Eligibility Criteria
Ages Eligible for Study
12 years to 17 years (Child)
Accepts Healthy Volunteers
No
Description
Inclusion Criteria:
- Male or female subjects aged 12 to 17 years, inclusive, at time of Visit 1 (Screening).
Female subjects, if sexually active, must:
- be practicing an effective method of birth control (e.g., prescription oral contraceptives, contraceptive injections, contraceptive patch, intrauterine device, double-barrier method [e.g., condoms, diaphragm, or cervical cap with spermicidal foam, cream, or gel], or male partner sterilization) before entry and throughout the study, or
- be surgically sterile, (have had a hysterectomy or bilateral oophorectomy, tubal ligation, or otherwise be incapable of pregnancy), or
- or agree to abstinence.
- Ability to read and speak English
- All female subjects not documented to be infertile (e.g., infertility due to congenital abnormality or surgical sterilization) must have a negative serum or urine beta-human chorionic gonadotropin (β-hCG) at Visit 1 (Screening) and a negative urine pregnancy test at the Visit 2 (Day 1/Randomization/Baseline)

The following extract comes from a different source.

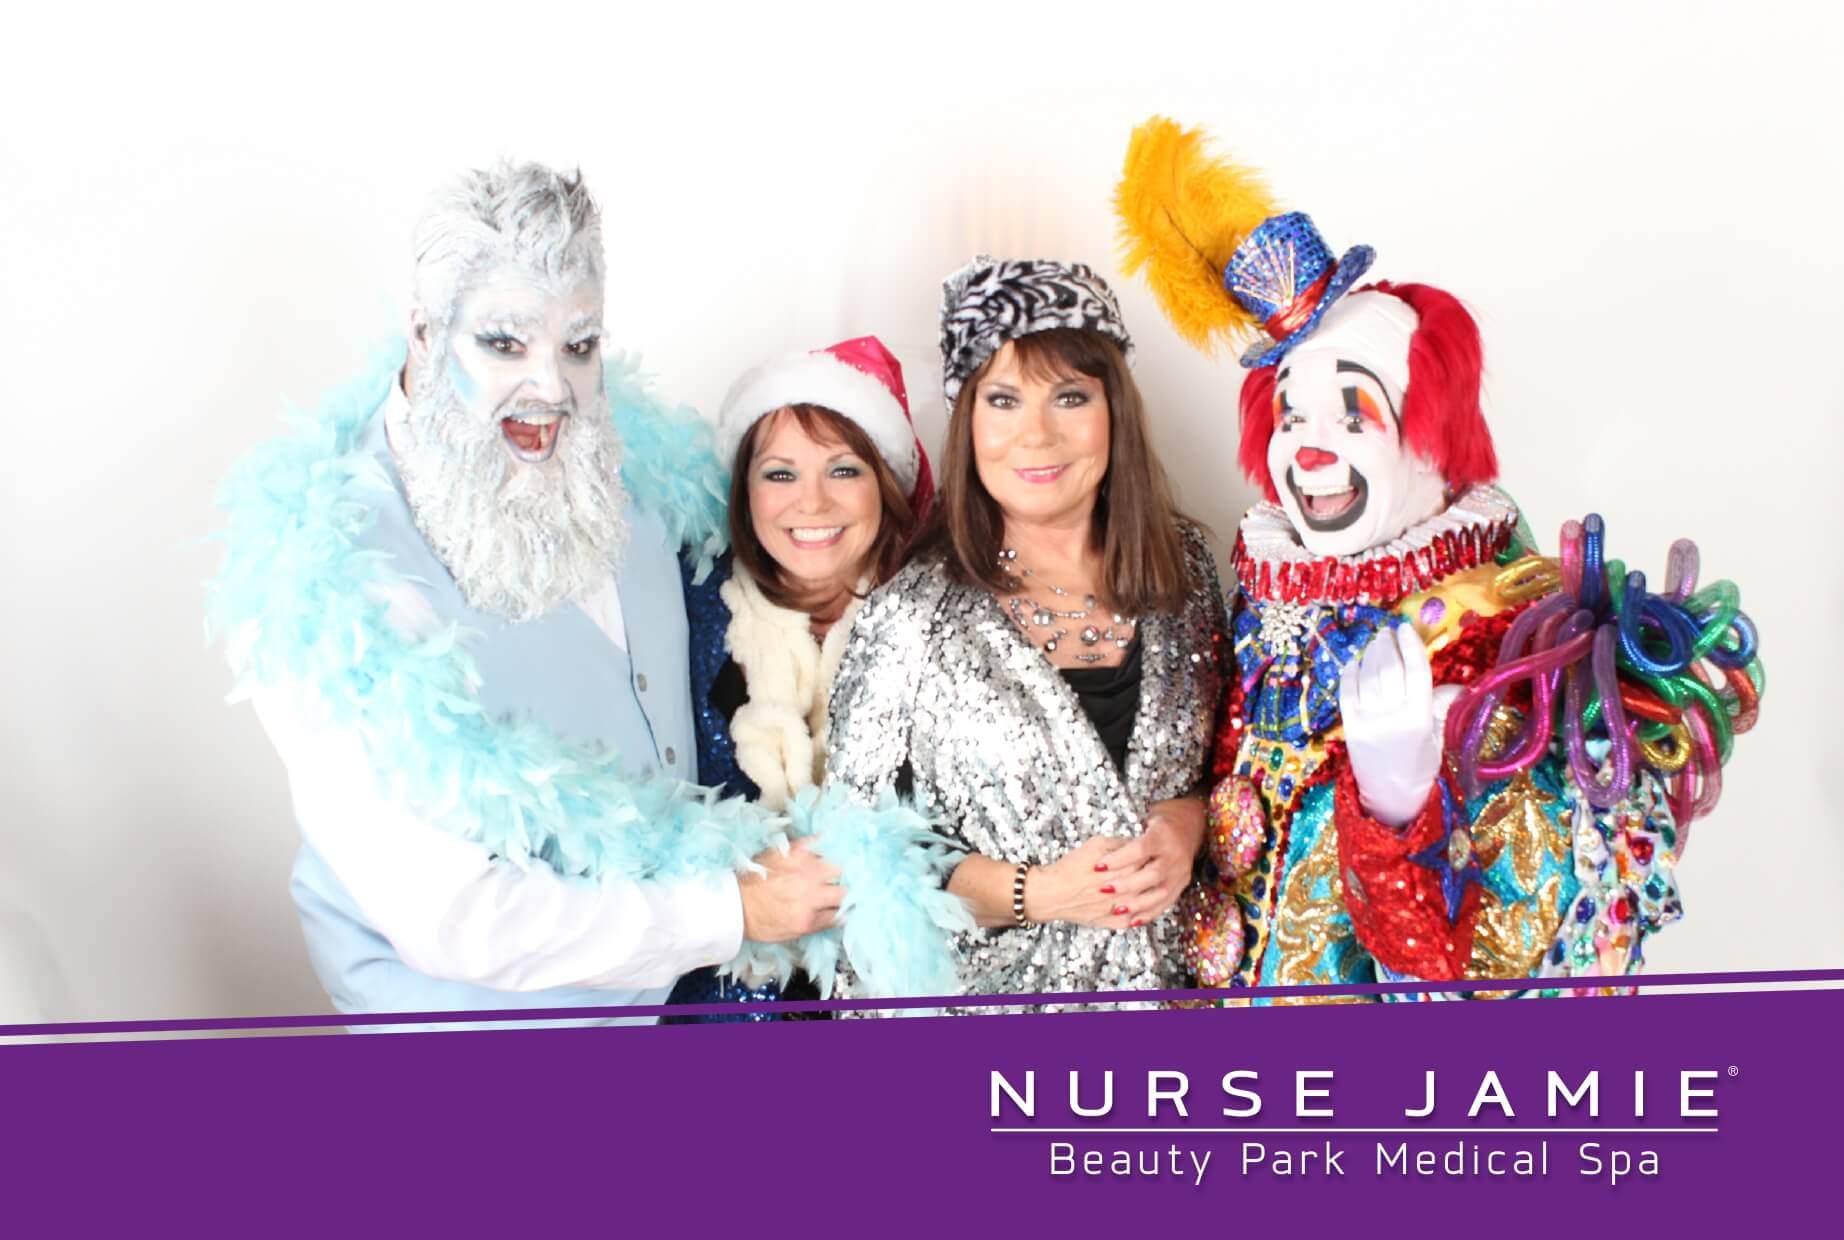 Nurse Jaime Photo Booth

- Must have bilateral nasal polyposis with a grade of 1 to 3 in each of the nasal cavities as determined by a nasal polyp grading scale score measured by nasoendoscopy at Visit 1 (Screening)
- Must report at least mild symptoms of nasal congestion/obstruction as demonstrated by an average morning nasal congestion/obstruction score of at least 1.0 over the last 7 days of the run-in period (Subjects not meeting this inclusion criterion may be re-screened once after at least 4 weeks.)

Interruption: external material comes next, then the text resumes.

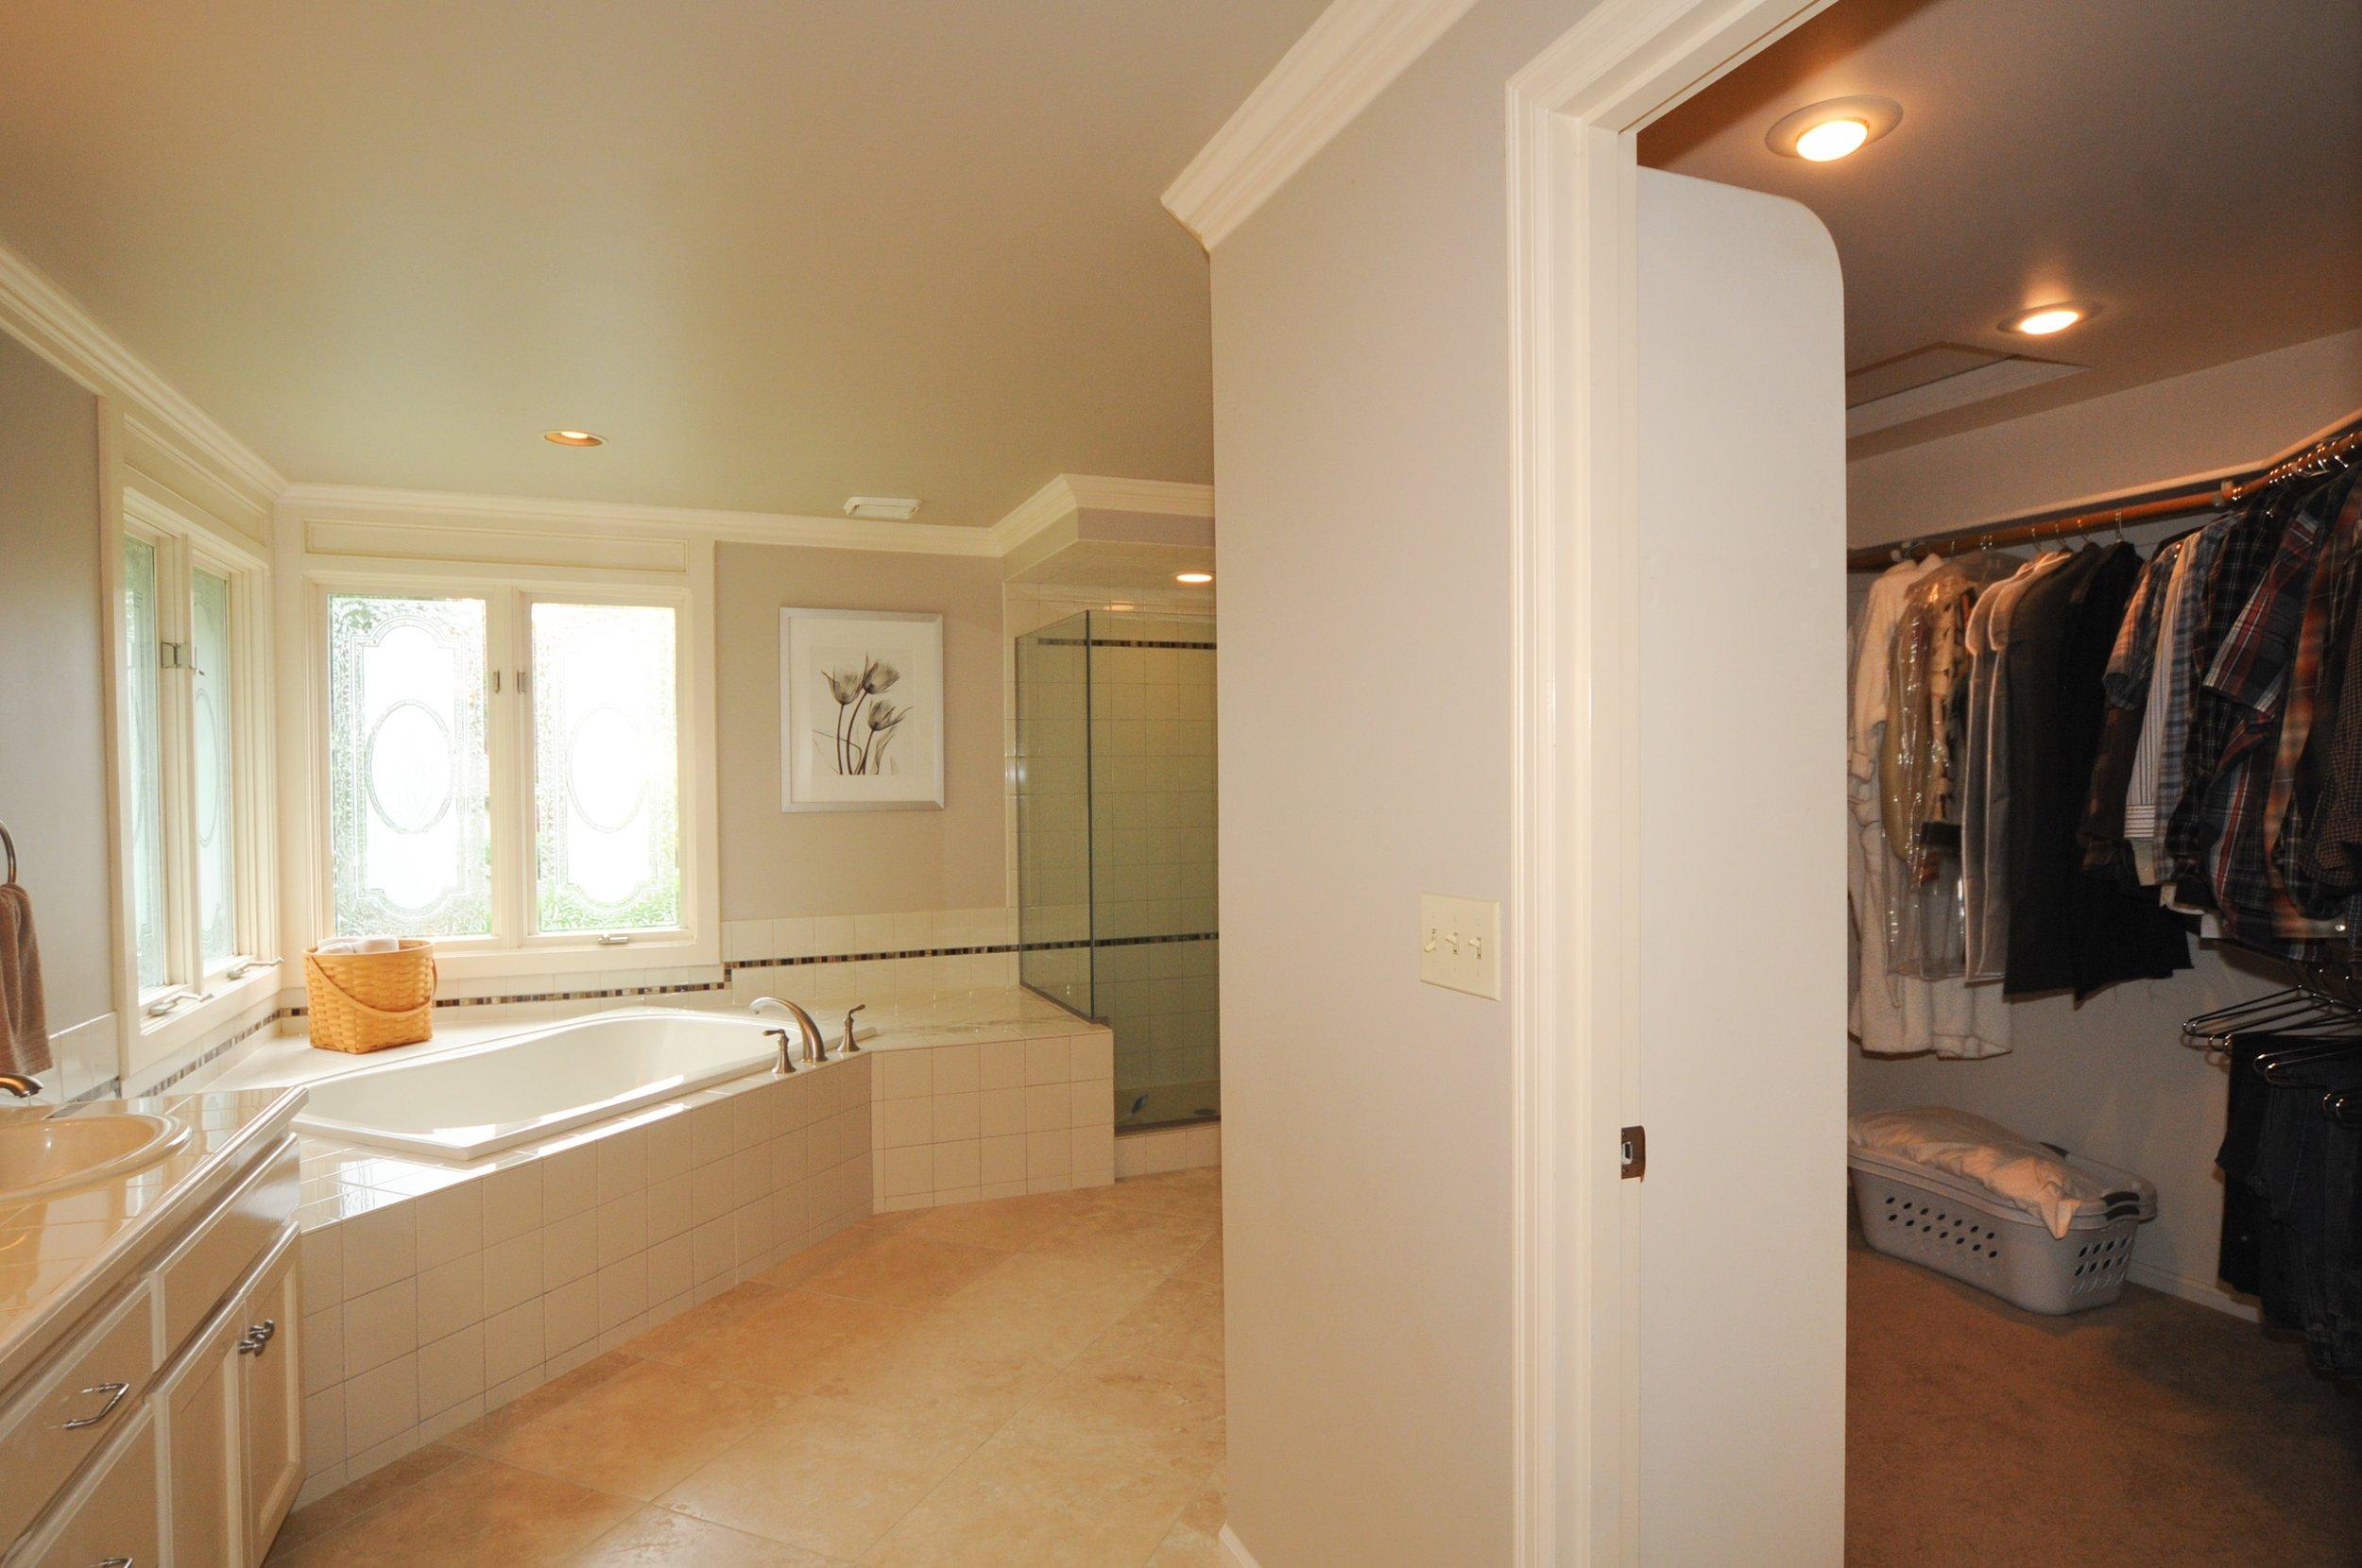 redmond_buchan_master bathroom and closet.jpg

- Subjects with comorbid asthma must be stable, defined as no exacerbations (e.g., no emergency room visits, hospitalization, or oral or parenteral steroid use) within the 3 months before Visit 1 (Screening). Subjects who received inhaled corticosteroids are required to be on no more than a moderate dosage regimen as defined by 2005 Global Initiative for Asthma Guidelines (GINA) for 1 month before Visit 1 (Screening) and to be expected to remain on it throughout the study. Visit 1 (Screening)
- Must be able to cease treatment with intranasal medications including, but not limited to, intranasal oxymetazoline or any other decongestants, intranasal antihistamines, intranasal steroids, intranasal sodium cromolyn, nasal atropine, nasal ipratropium bromide, as well as inhaled corticosteroids (except permitted doses listed above for asthma) at Visit 1 (Screening). (Note: intranasal antibiotics and saline are permissible)
- If taking oral antihistamines, must be on a stable regimen for at least 2 weeks prior to the Visit 1 (Screening), and agree to not change the dose of these medications until after Visit 3 (Week 4) of the study.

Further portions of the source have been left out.